Greetings! As the title suggests, I am using OptiX 6.0, GeForce RTX 2060, 436.30 driver.
I’ve been tasked to optimize our OptiX kernels. Nsight says that our GPU utilization is fairly low, so I wanted to approach that from a few angles. Particularly, I’ve noticed that our kernels declare a host of local variables, so I figured that low GPU utilization may partially be due to the shortage of registers. Disclaimer: I wasn’t able to verify that with Nsight, because I couldn’t find our OptiX kernel in the list of all kernels. I remember that with Optix 5.0 it was labeled with “MegaKernelN”, but I am not sure about Optix 6.0.

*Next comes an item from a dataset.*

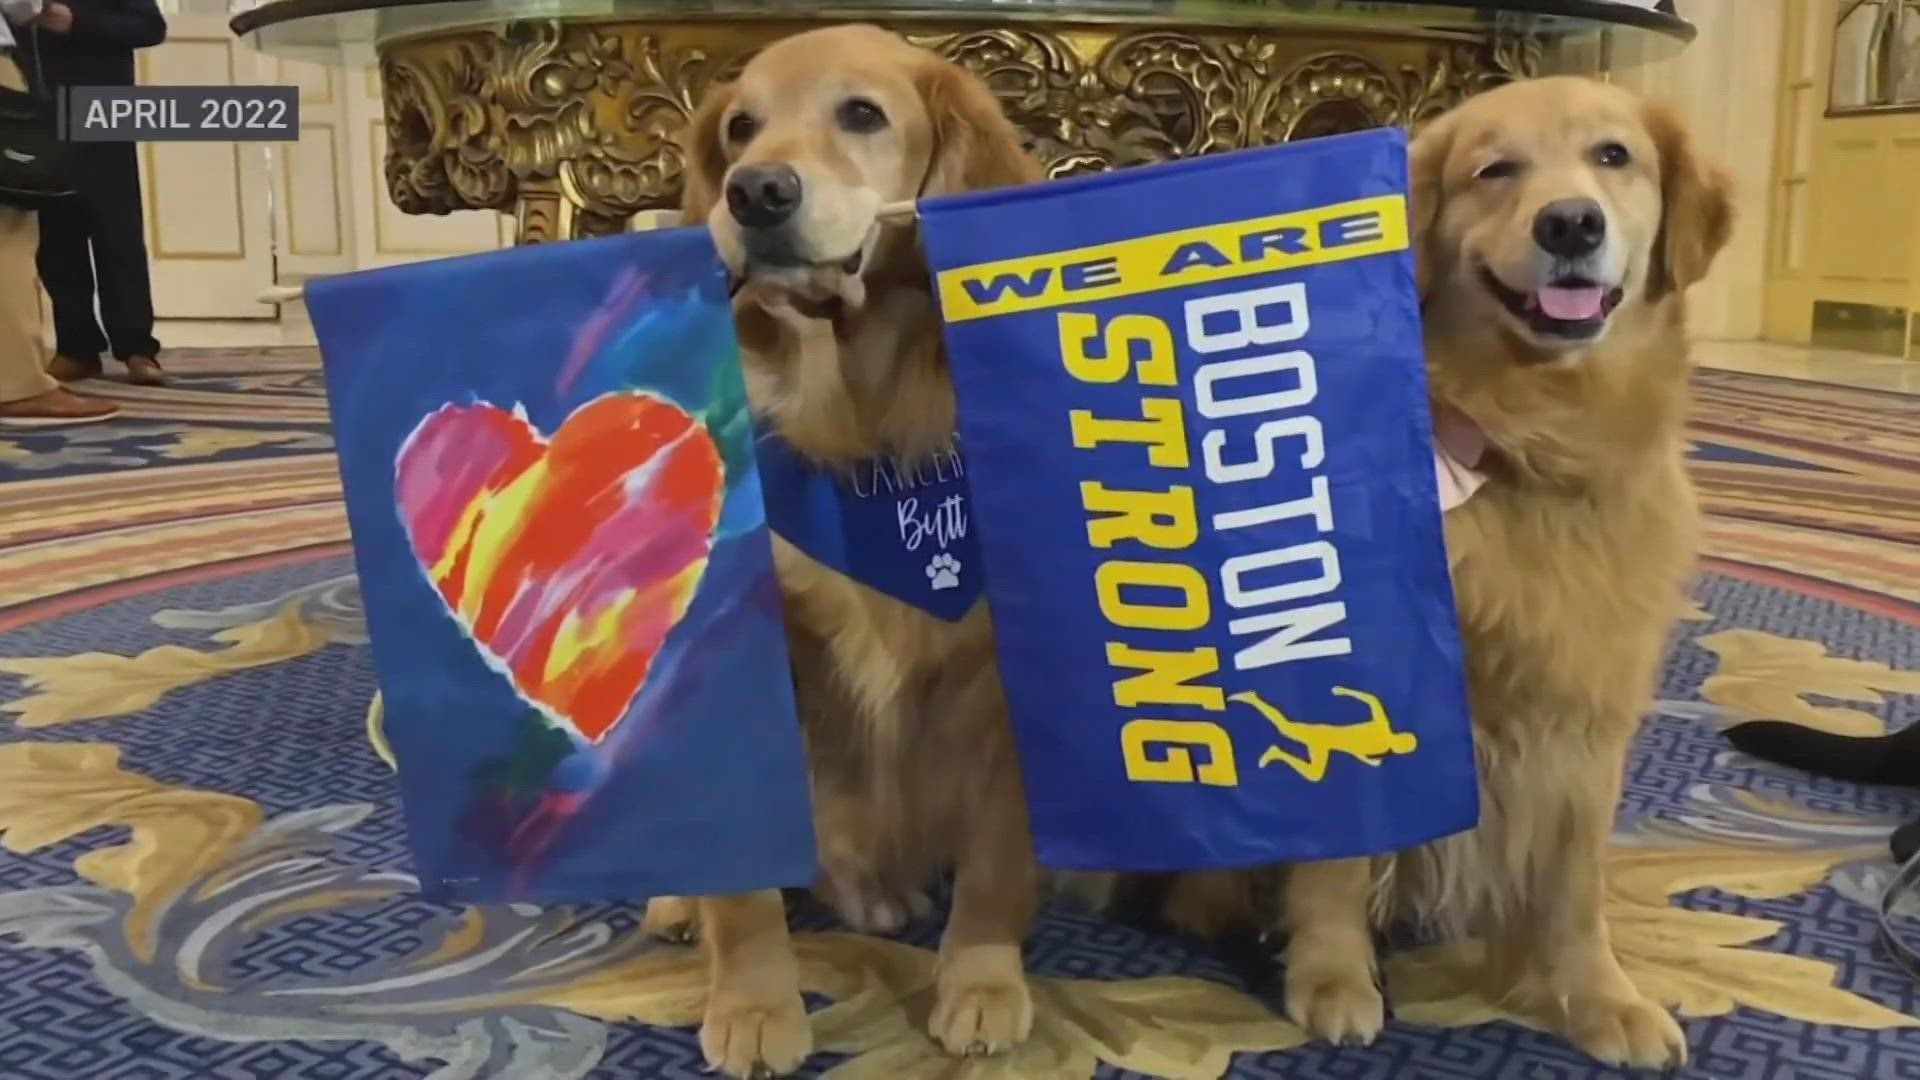 Beloved Boston Marathon dog who became its mascot has died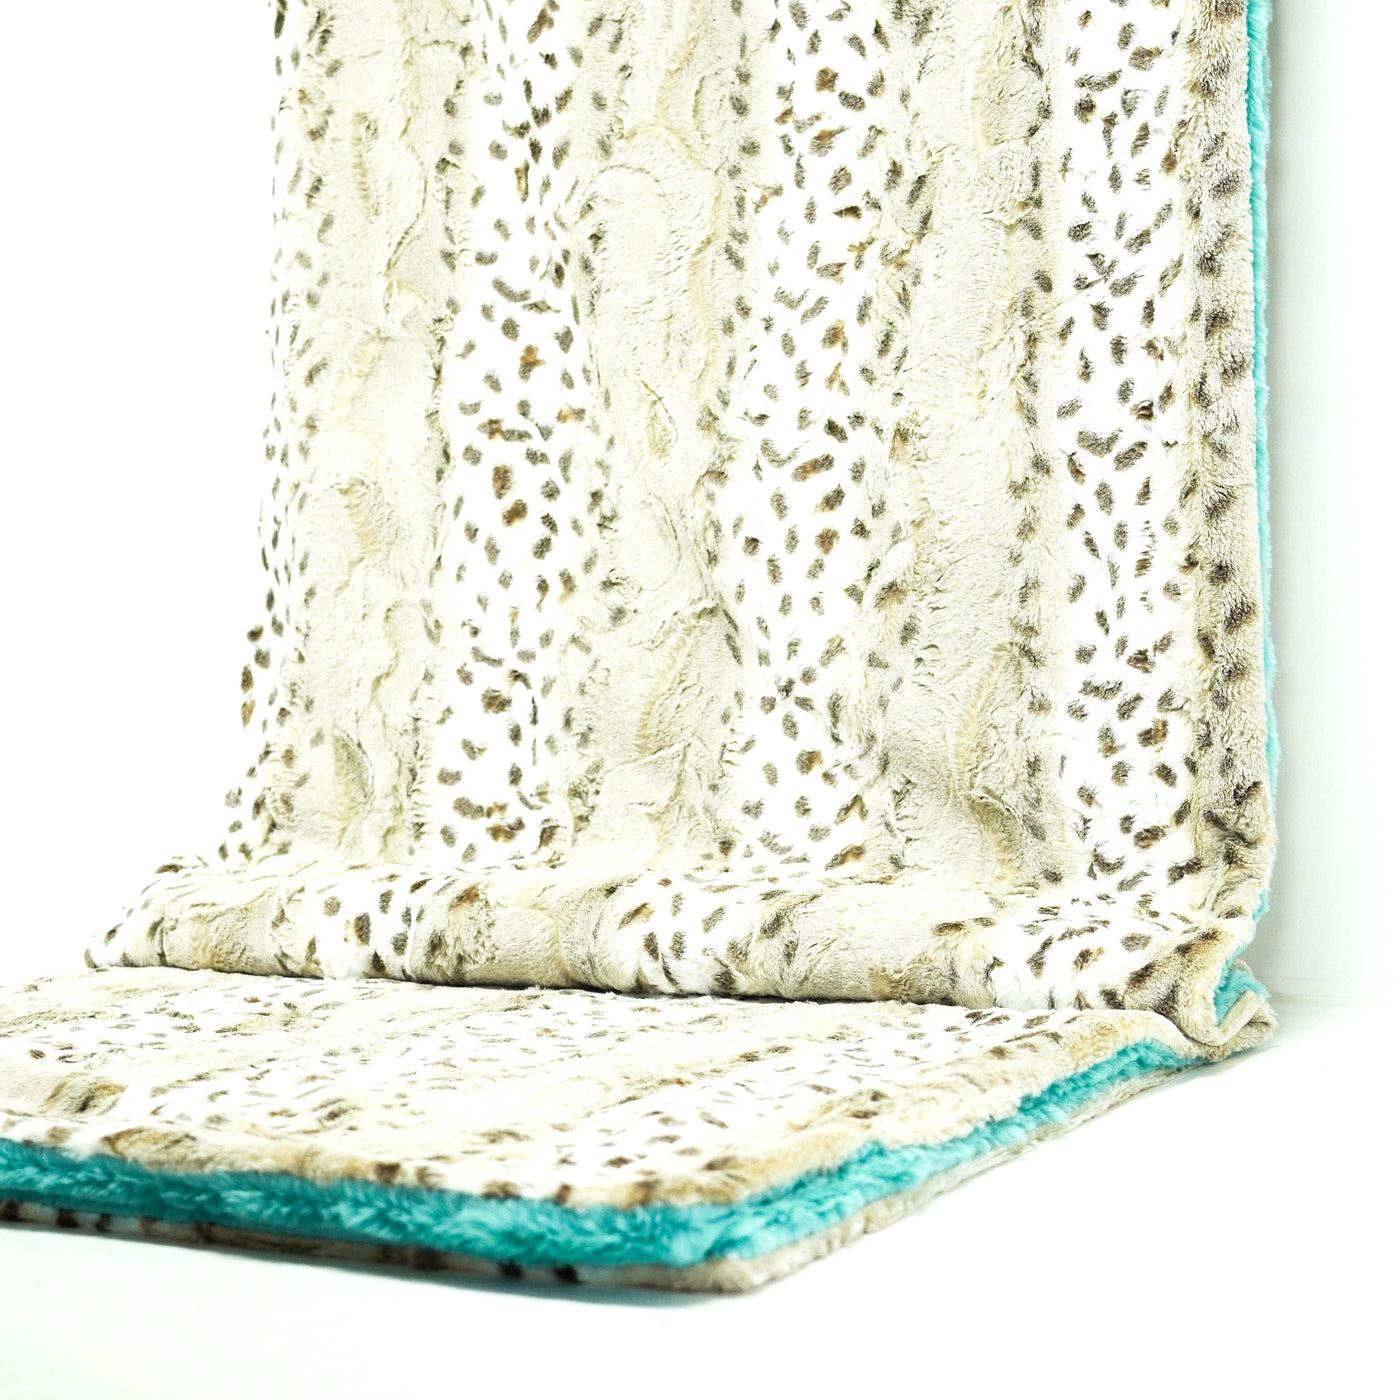 Adult Sized Minky Blanket - Beige Fawn w/ Aqua Bunny-Adult Sized Minky Blanket-Western-Cowhide-Bags-Handmade-Products-Gifts-Dancing Cactus Designs

p.16 at http://on-demand.gputechconf.com/gtc/2013/presentations/S3475-Ray-Tracking-With-OptiX.pdf states that “when working set of registers is too large, registers are stored to local memory”. Does that mean that when OptiX kernels are compiled, OptiX automatically performs this optimization? Or do you think that moving the aforementioned plethora of local variables to some local memory could alleviate the issue of having a shortage of registers (I assume not, if OptiX automatically moves them to local memory, if I understood that correctly)?
I would greatly appreciate pointers in the right direction. Thank you for your time!